Block A of mass 115 kg rests on a table with which it has a coefficient of limiting friction of 0.37. A light cord passes horizontally from Block A, without slipping, over a pullet of mass 34kg, radius 120 mm and radius of gyration 84mm, and down vertically of block B of mass 142 kg, which hangs freely. The system released.

The acceleration of the blocks?

The cord tension adjacent to block A?

To find the acceleration of the blocks and the cord tension adjacent to block A, we need to consider the forces acting on each block and apply Newton's second law of motion.

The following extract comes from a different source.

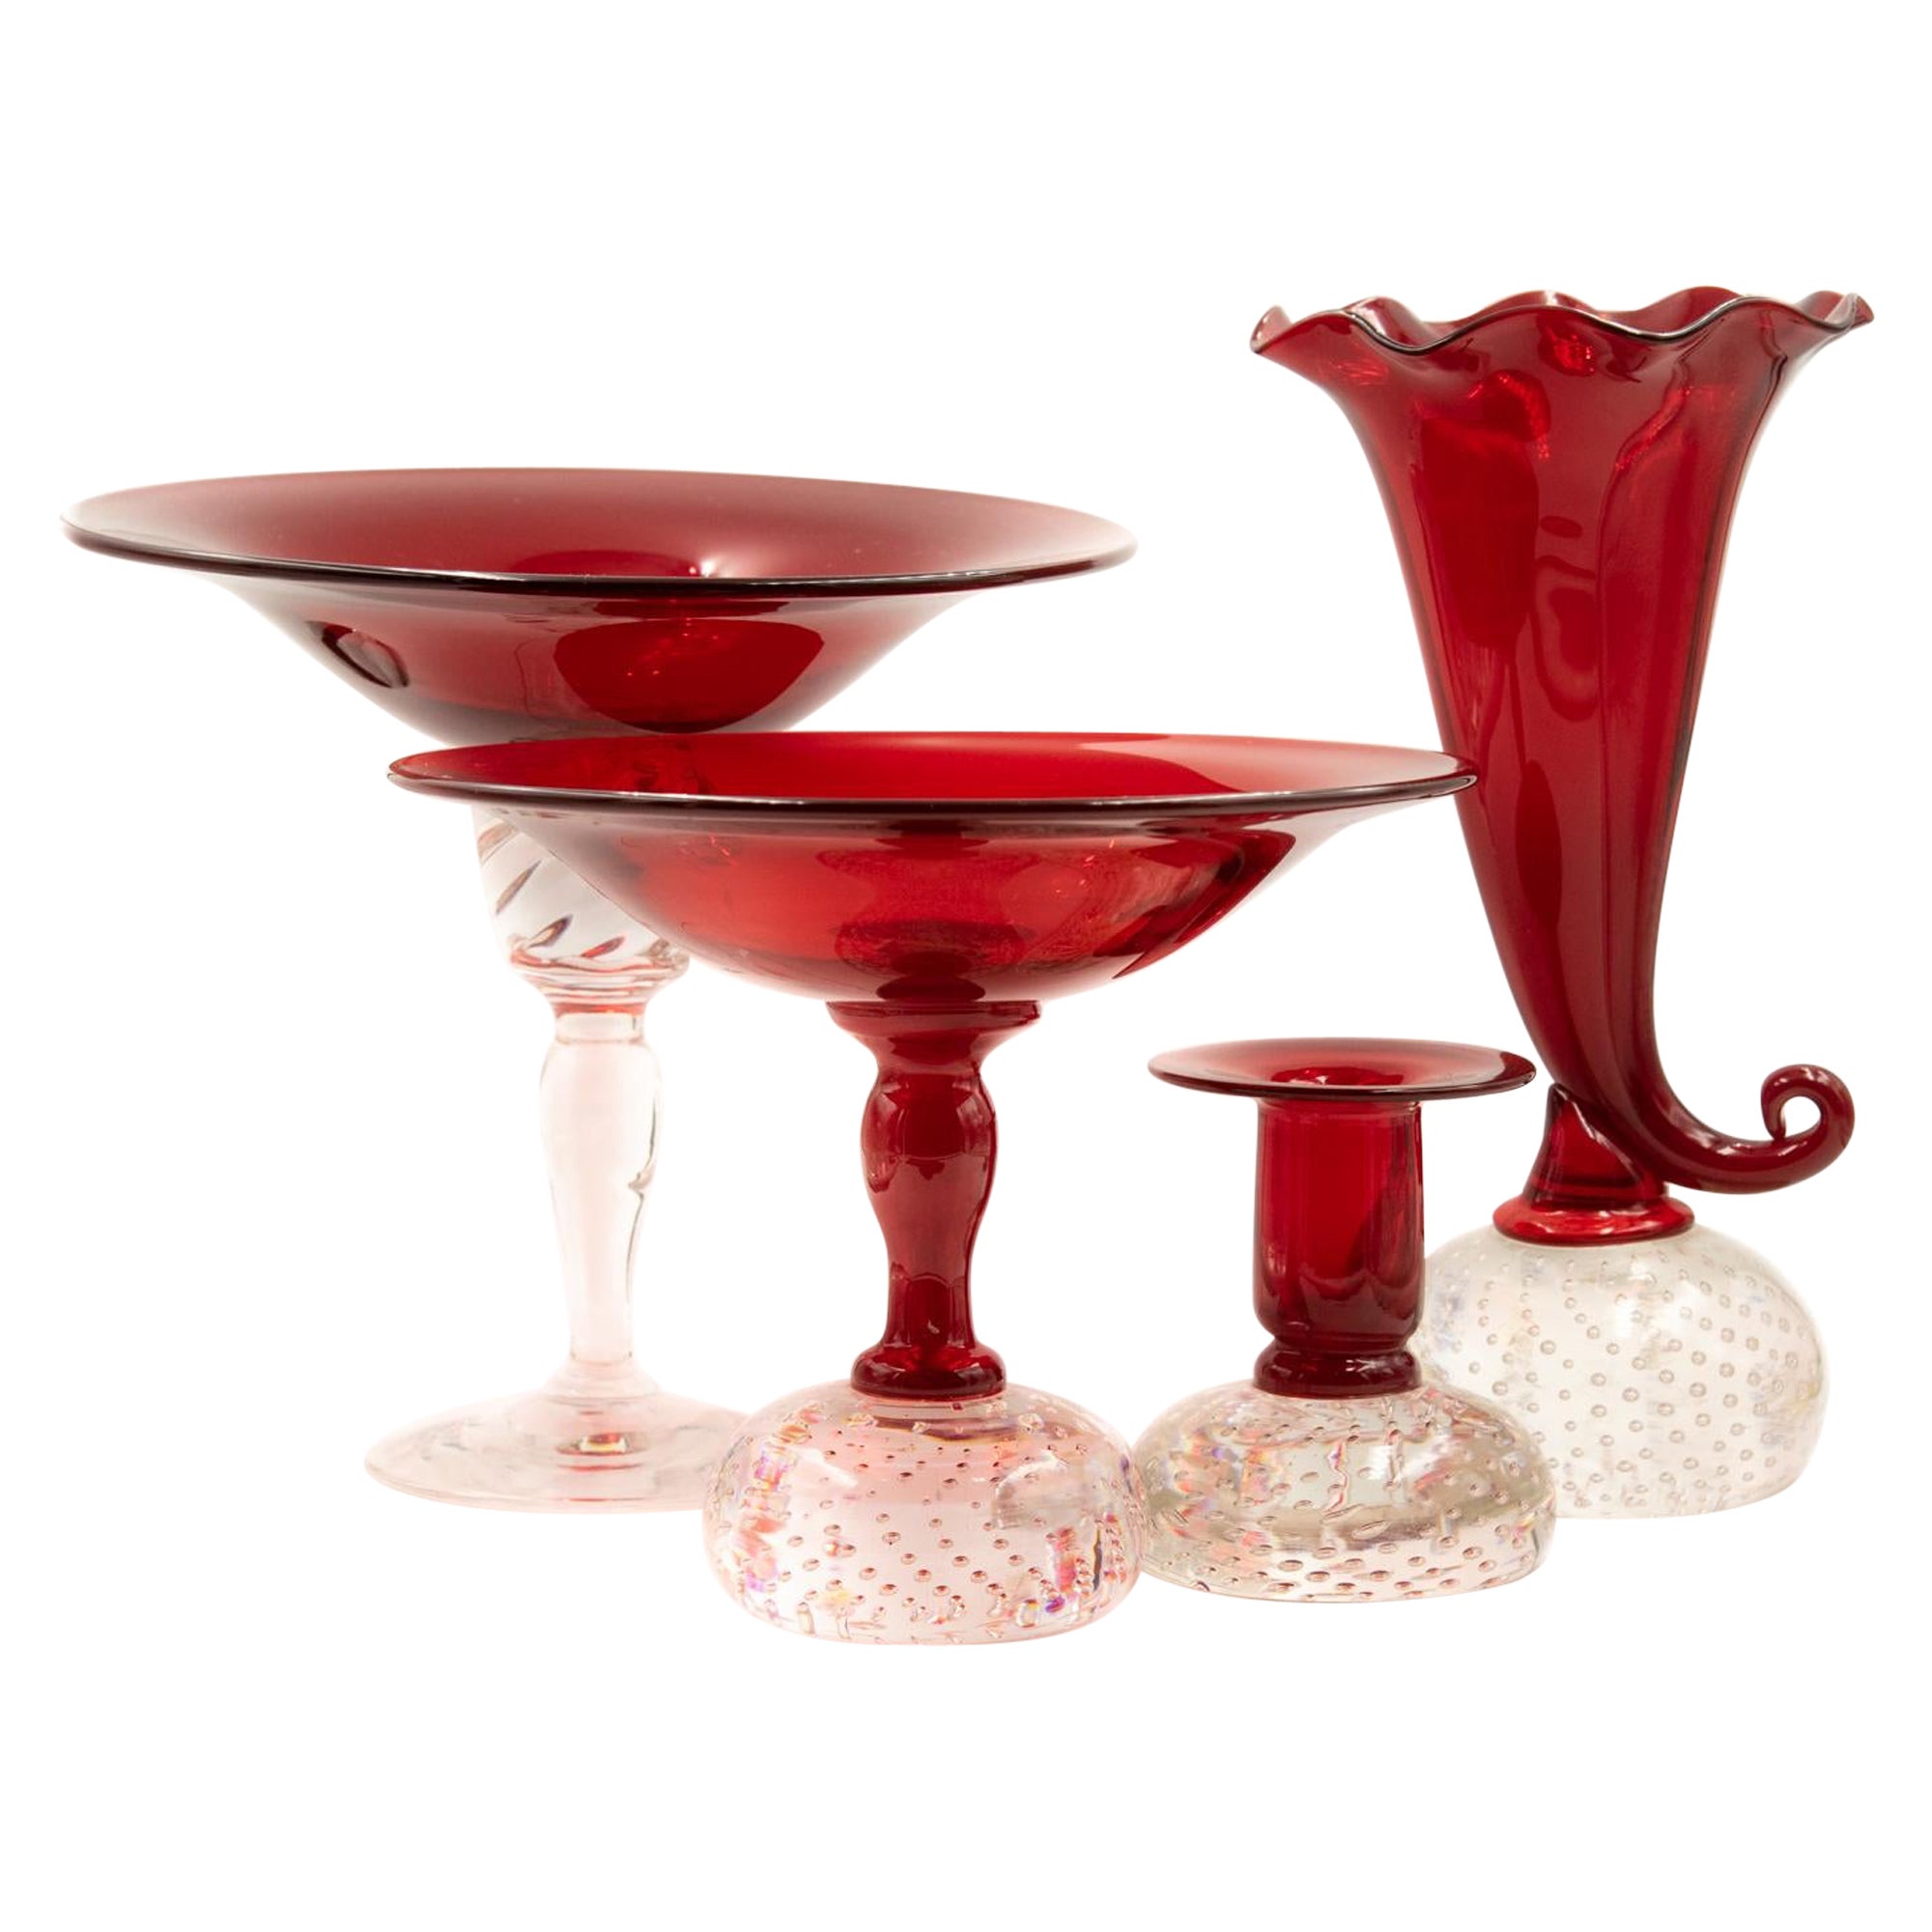 Collection of Early 20th Century Pairpoint Red Glass Vase Compotes Candle Holder

First, let's analyze the forces acting on Block A:
- Weight (mg): The weight of Block A is given by mass (m) multiplied by the acceleration due to gravity (g). So, the weight of Block A is (115 kg) * (9.8 m/s²) = 1127 N.
- Normal force (N): The normal force exerted by the table on Block A counteracts the weight and is equal in magnitude but opposite in direction. Therefore, the normal force is 1127 N.
- Frictional force (f): The frictional force opposing the motion is given by the coefficient of limiting friction (µ) multiplied by the normal force (N). So, the frictional force is (0.37) * (1127 N) = 416.99 N. Since this is the maximum static frictional force, it will be used to calculate the maximum force of static friction.

The force of static friction acts to prevent Block A from sliding. Therefore, the maximum static frictional force must be equal to or less than the force applied on Block A by the hanging mass.

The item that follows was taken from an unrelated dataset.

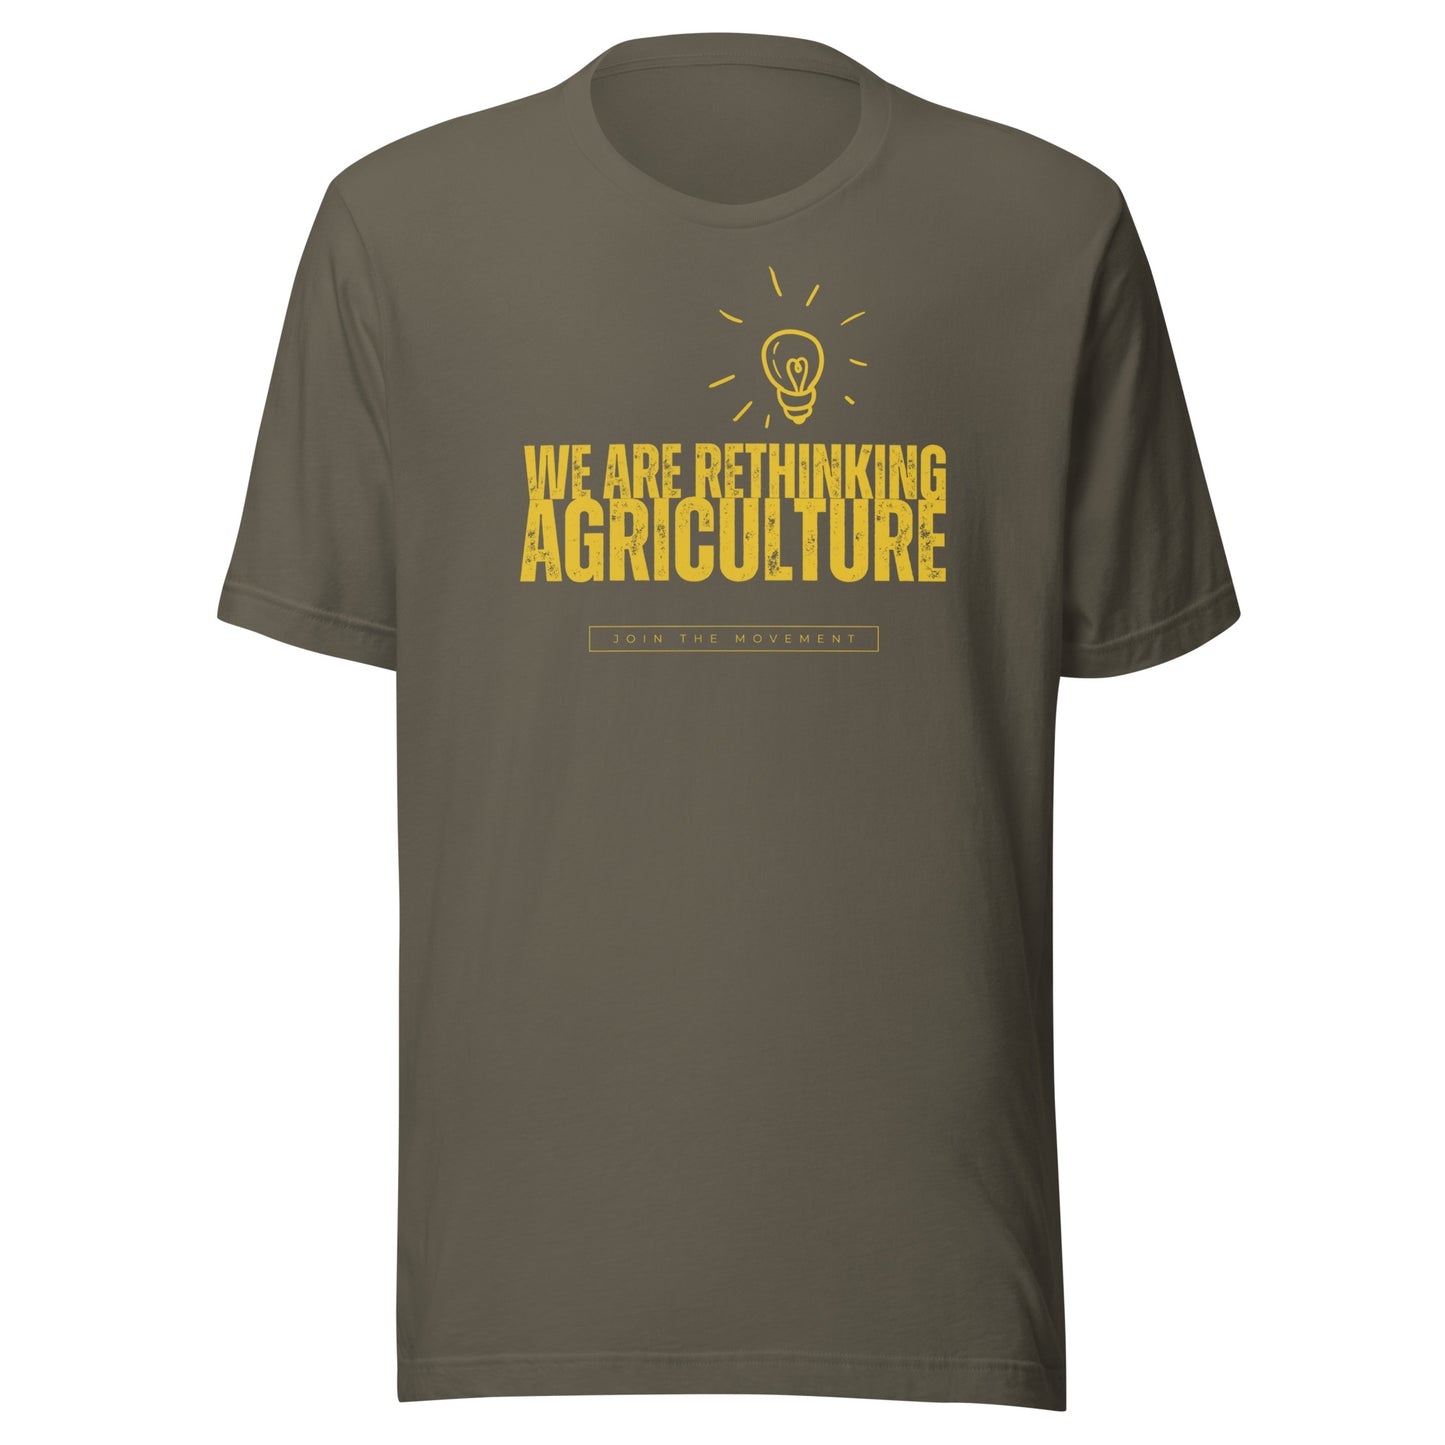 Rethinking Agriculture T-Shirt

Next, let's analyze the forces acting on Block B:
- Weight (mg): The weight of Block B is given by mass (m) multiplied by the acceleration due to gravity (g). So, the weight of Block B is (142 kg) * (9.8 m/s²) = 1392.6 N.

Considering the above information, we can now calculate the acceleration of the blocks and the cord tension adjacent to Block A.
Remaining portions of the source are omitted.